Map and table show COVID transmission levels by US county as of Feb 8, 2023 based on the number of COVID cases per 100,000 population and percent positivity in the past 7 days. Low to Moderate transmission levels are pale yellow, Substantial is orange, High is red, Very High is brown, and Extremely High is black. Eastern, southern, and parts of the Midwest are almost all red, while the northwest is pale yellow and orange. Text in the bottom right reads: 94.44 percent of the US population lives in an area with substantial or higher transmission. Transmission Level table shows 1.24 percent of counties (0.43 percent by population) as Extremely High, 2.32 percent of the counties (0.9 percent by population) as Very High, 52.64 percent of counties (58.08 percent by population) as High, 23.36 percent of counties (35.03 percent by population) as Substantial, and 20.43 percent of counties (5.56 percent by population) as Low to Moderate. The People's CDC created the graphic from CDC data.

Sobre variantes: El increase in Kraken (XBB1.5) cases continues to rise – 74.7% of cases this week, in comparison to 66.4% last week. The instances of BQ variant cases continue to decrease.

A stacked bar chart with weeks on the x-axis shows weeks from Nov 12, 2022 to Feb 11, 2023 and y-axis as percentage of viral lineages among infections. The recent 3 weeks are labeled as Nowcast projections.  XBB.1.5 (dark purple) continues to increase, making up about 74.7 percent of current week infections. BQ.1.1 (teal) has decreased in recent weeks but remains the second most prevalent lineage currently around 15.3%. BQ.1 (dark teal) is now about half as prevalent as BQ.1.1 but remains visibly labeled. BA.5 (light teal), which in October was the dominant lineage, is now down to nearly zero visibility - joined by XBB (periwinkle purple) and a handful of other colors in the week ending Feb 11, 2023.
Graphic source: CDC COVID Data Tracker: Variant Proportions

Regional differences continue. Kraken is almost the only strain in the East, and is still gaining rapidly in other regions over BQ1/1.1.

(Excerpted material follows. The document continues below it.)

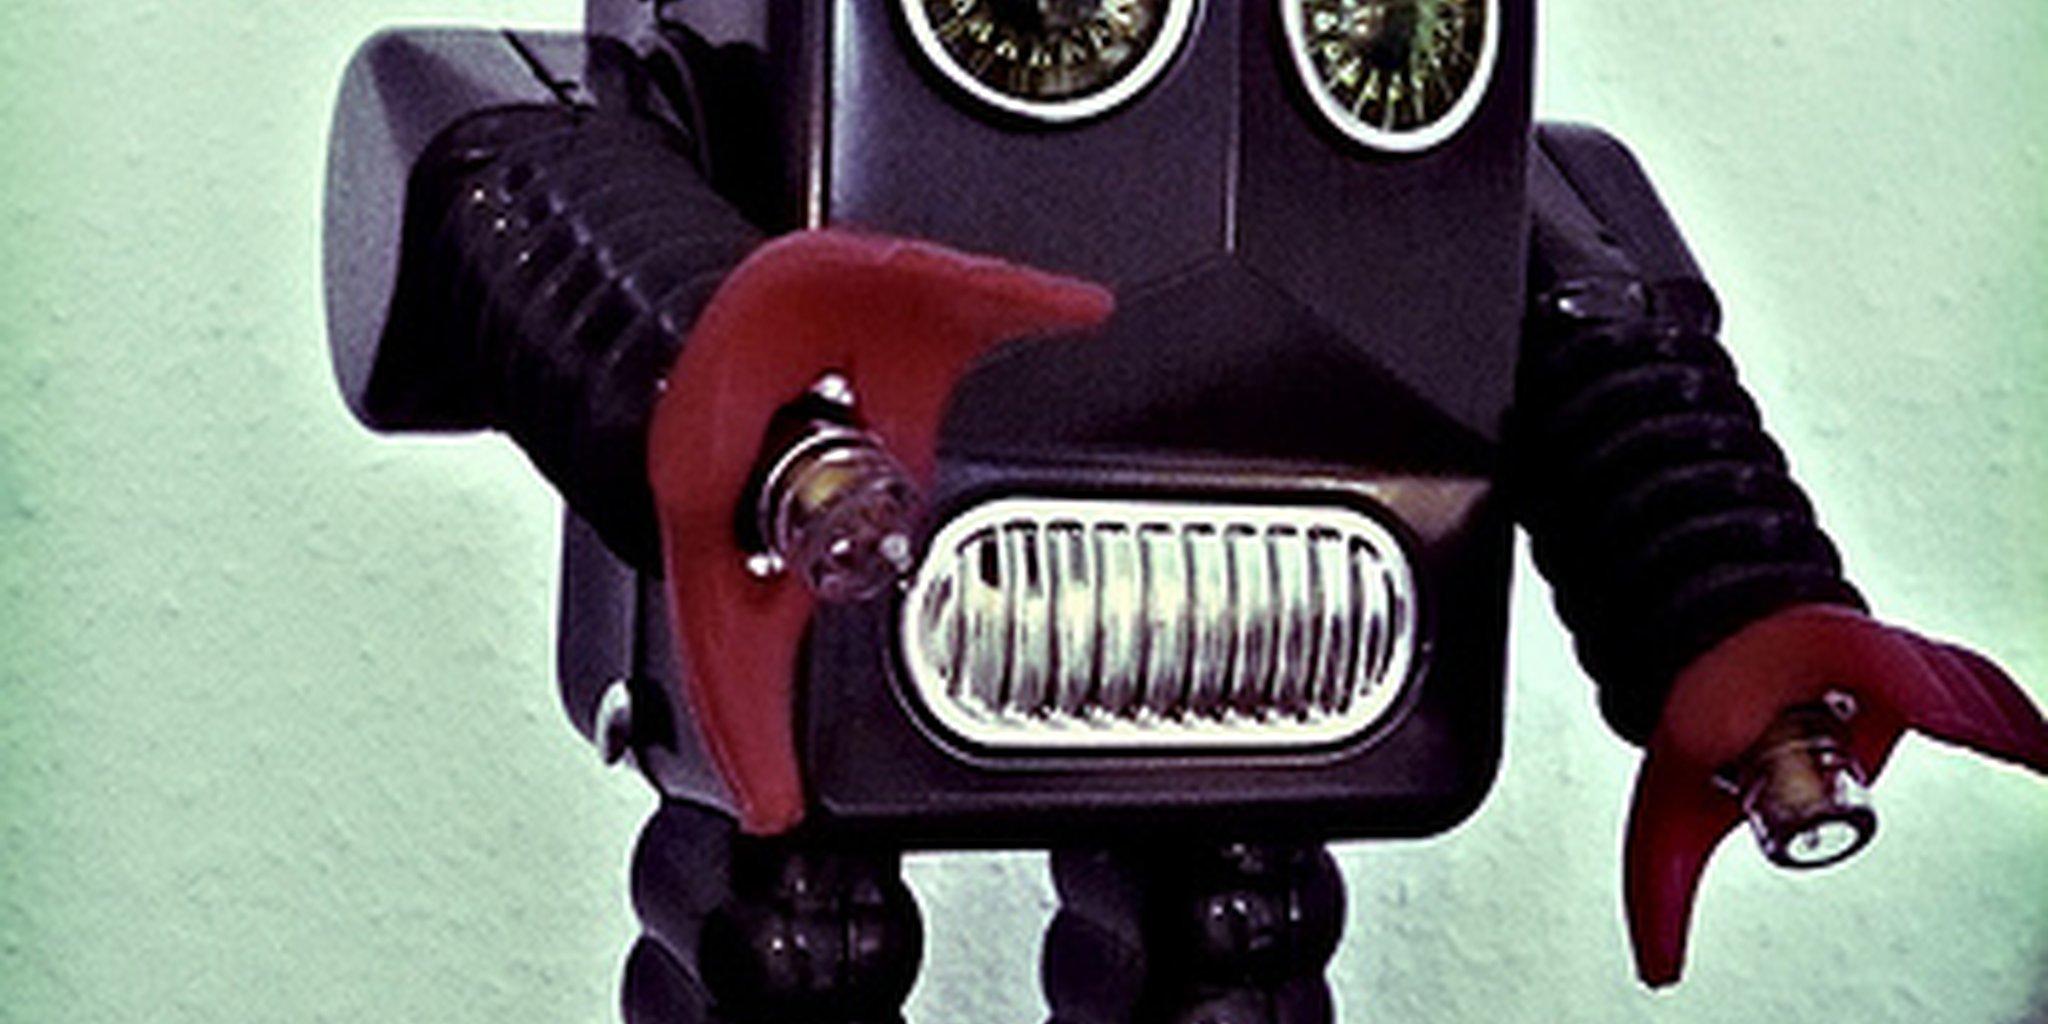 subscriber robot

Regional difference map of the US with 10 regions each depicted as shades of gray. In general, the numbers start in the Northeast and increase as they move south and then westward. Title reads “Nowcast Estimates for 2/5/2023 to 2/11/2023 by HHS Region.” Each region has a colored pie chart showing variant proportions. Legend at bottom right reads “Regional proportions from specimens collected the week ending 2/11/2023.” XBB1.5 (dark purple) makes up about 90 percent of the pie in regions 1, 2 and 3 (Northeast & Mid-Atlantic) and ranges from about 30 to 75 percent elsewhere. BQ1.1 (teal) is about 40 percent of cases in region 10 (North-West). It shares less than 25 percent along the east coast, representing about 25 percent of infections in regions 5 through 9. BQ1 (green) represents about 5 to 15 percent of infections in Regions 4-10. Bottom text reads: “Updated February 10, 2023” and  “Lineages called using pangolin v4.2, pangolin-data v1.18 and user v.0.6.1.
Graphic source: CDC COVID Data Tracker: Variant Proportions

Monitoreo de aguas residuales: There are slight increases in wastewater levels in the Midwestern and Southern regions, but nationally levels continue to be leveling off. However, the numbers are all still high, showing that the risks of COVID are far from over.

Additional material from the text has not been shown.